In the recent decision of Barbiero,1 the Ontario Court of Appeal rejected a plaintiff’s attempt to set aside the dismissal of her 21-year-old certified class action by the Ontario Superior Court of Justice.
Writing for a unanimous court, Brown J.A. provided new guidance regarding the legal principles governing motions to dismiss class actions (and civil proceedings generally) for delay in Ontario.
Background
This $100 million class action involved claims against a physician relating to the unlawful and unauthorized use of liquid silicone in dermatology treatments provided to the class members.
The plaintiff had commenced her class action in February 2003. It was certified on consent in December 2003. Some discoveries took place in 2004 and 2005. In 2012, the parties held an unsuccessful one-day mediation. In 2019, the plaintiff indicated she wished to arrange for product testing.
In September 2022, the defendant moved to dismiss the proceeding for delay.
The motion judge’s decision
Applying the “settled law” in Langenecker v Sauvé,2 a 2011 Court of Appeal decision, the motion judge held, in lengthy reasons,3 that the three-part Langenecker test had been satisfied by the defendant: (i) the plaintiff’s 21-year delay was inordinate; (ii) the delay was “inexcusable” as it had not been explained; and (iii) the plaintiff had failed to rebut the strong presumption of prejudice given the “substantial risk that a fair trial of the issues in the litigation will not be possible because of the delay.”4
The motion judge rejected the plaintiff’s arguments that the court should not dismiss a certified class action for delay because “there is no precedent to do so” and because class actions are subject to a robust case management process that could be used to address the defendant’s concerns about the pace of the lawsuit.5 In doing so, the motion judge noted section 35 of Ontario’s Class Proceedings Act is clear that the Rules of Civil Procedure, and supporting caselaw regarding delay, apply equally to class actions.6
Finally, the motion judge declined to engage with the plaintiff’s argument that there would be no practical effect to a dismissal because a new representative plaintiff could bring a new proposed class action as limitation periods are suspended under s. 28(3) of the Act upon the commencement of a class action.
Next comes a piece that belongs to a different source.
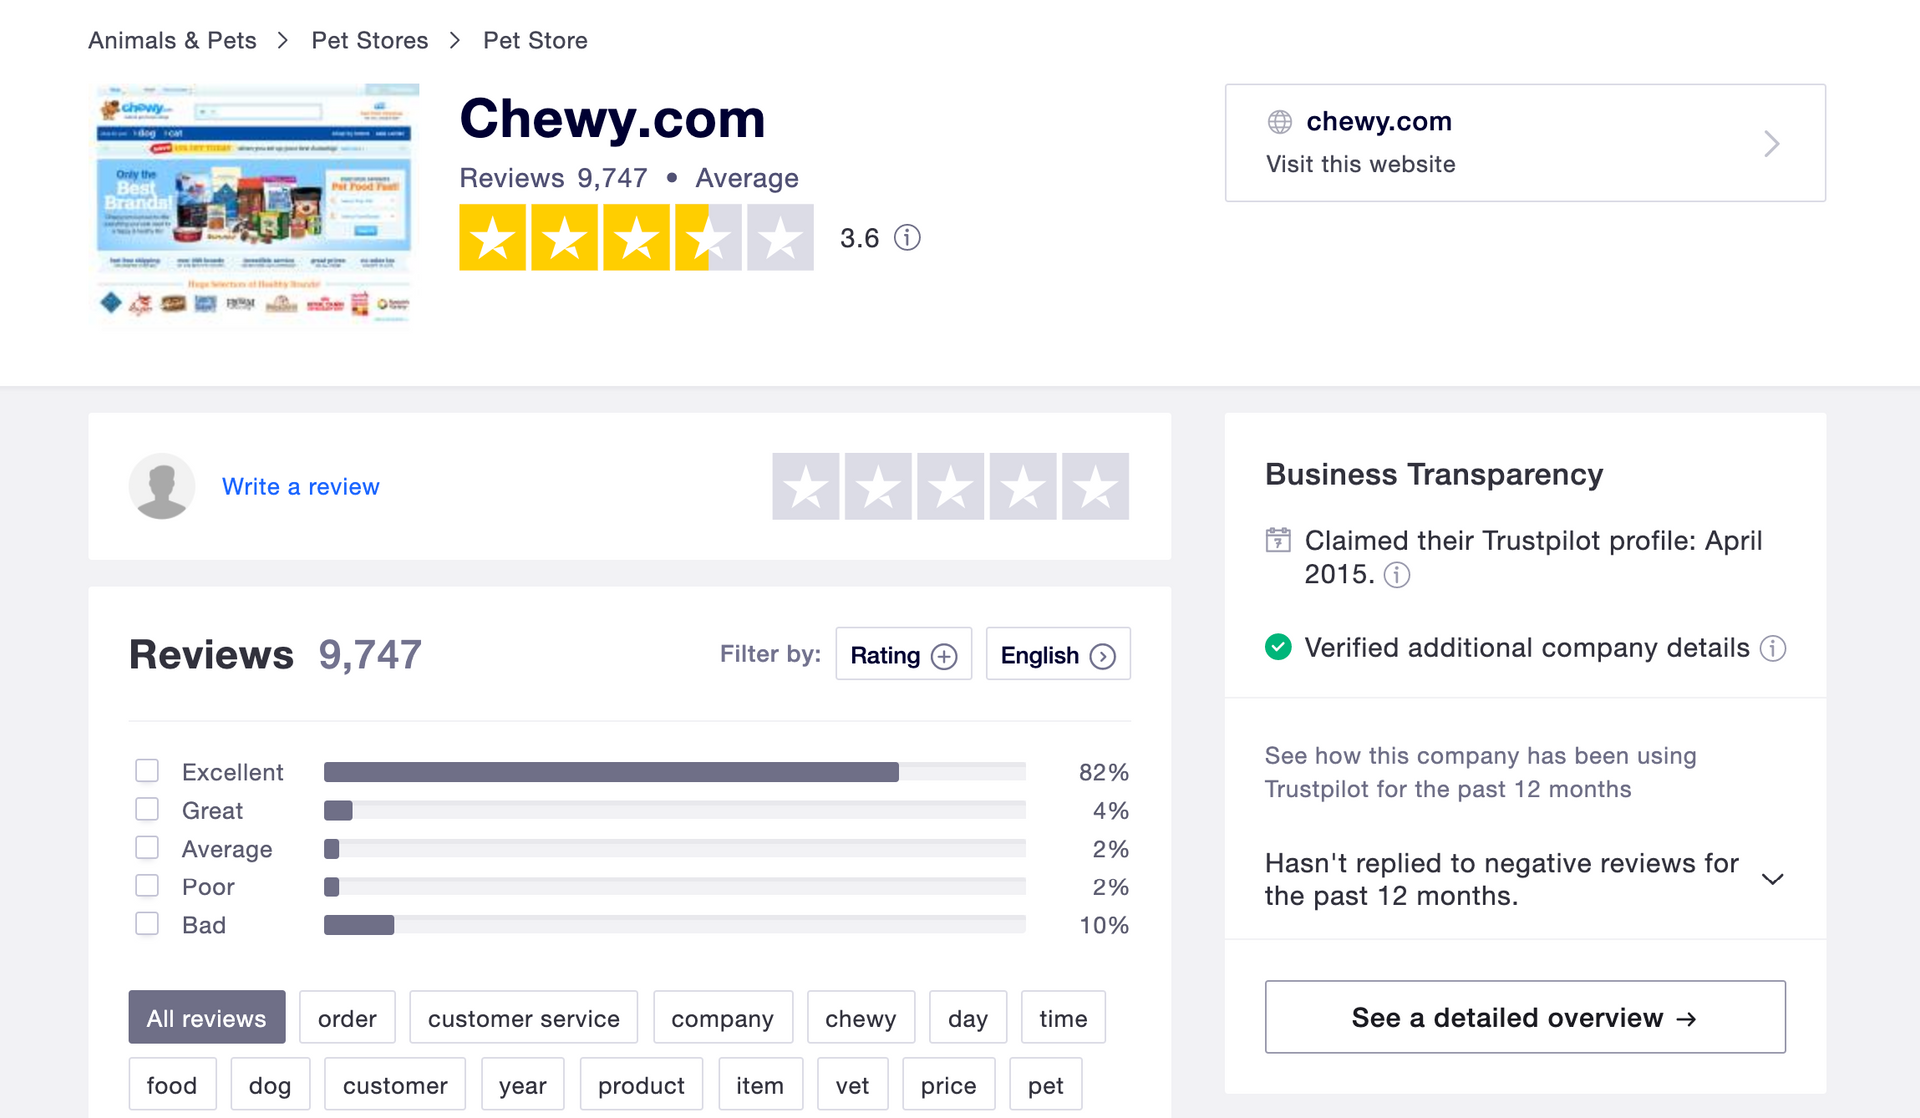 The overall star rating of Chewy reviews on Trustpilot: 3.6 star rating from over 9,000 reviews, with 82% leaving a score of 'excellent'.

The motion judge held that this was hypothetical and could be addressed if a new class action arises.7
The Court of Appeal’s decision
The plaintiff appealed, arguing that, among other things, the motion judge had erred by misapplying the governing legal principles from Langenecker regarding when an action should be dismissed for delay.
The Court of Appeal took this opportunity to scrutinize Langenecker and highlight its shortcomings, stating, “The Langenecker approach to delay is out of step with the contemporary needs of the Ontario civil court system.”8 Specifically, the principles summarized in Langenecker, which were drawn from a 1968 Court of Appeal of England and Wales decision, significantly pre-dated the seminal Supreme Court of Canada decision in Hryniak v Mauldin,9 which criticized widespread delays in civil proceedings and called for a “culture shift” in the civil justice system to achieve the prompt judicial resolution of legal disputes.10
Effecting a culture shift, the Court of Appeal explained, requires not only changing the indifference to delay by litigants and their counsel, but also identifying and changing the judge-created rules or interpretations that do not promote the “prompt judicial resolution of legal disputes.”11 With Langenecker in particular, the court took aim at the widely held interpretation that under this approach, delay on its own cannot constitute prejudice sufficient to support the dismissal of an action but rather, can merely cause a presumption of prejudice to be debated and considered along with other factors.12
In no uncertain terms, the Court of Appeal discarded that interpretation, stating, “To the extent that Langenecker denies that the passage of time, on its own, can constitute sufficient prejudice to dismiss an action for delay and not simply a rebuttable presumption of prejudice, it should not be followed.”13 The court also clearly held that the consequences for dilatory regard for the pace of litigation that arise in all civil proceedings apply equally to actions certified as class proceedings. The fact class action litigants benefit from robust case management (including preferential access to judicial resources) does not exempt class action plaintiffs from the burden of moving a proceeding to its final disposition on the merits.14
Key takeaways
The Court of Appeal’s decision in Barbiero marks a turning point for the dismissal of civil actions for delay in Ontario and brings welcomed clarity to class action litigants regarding the principles that govern certified class proceedings in particular. In short, the general Langenecker approach for civil lawsuits applies to certified class actions as well, notwithstanding the robust case management regime in Ontario. In addition, the passage of time itself will now constitute sufficient prejudice to dismiss a class action for delay.
In light of Barbiero, we anticipate class action defendants in Ontario will increasingly seek to have stalled class proceedings dismissed for delay and many class action plaintiffs will attempt to move their cases forward more promptly in 2025 to avoid becoming the targets of such motions.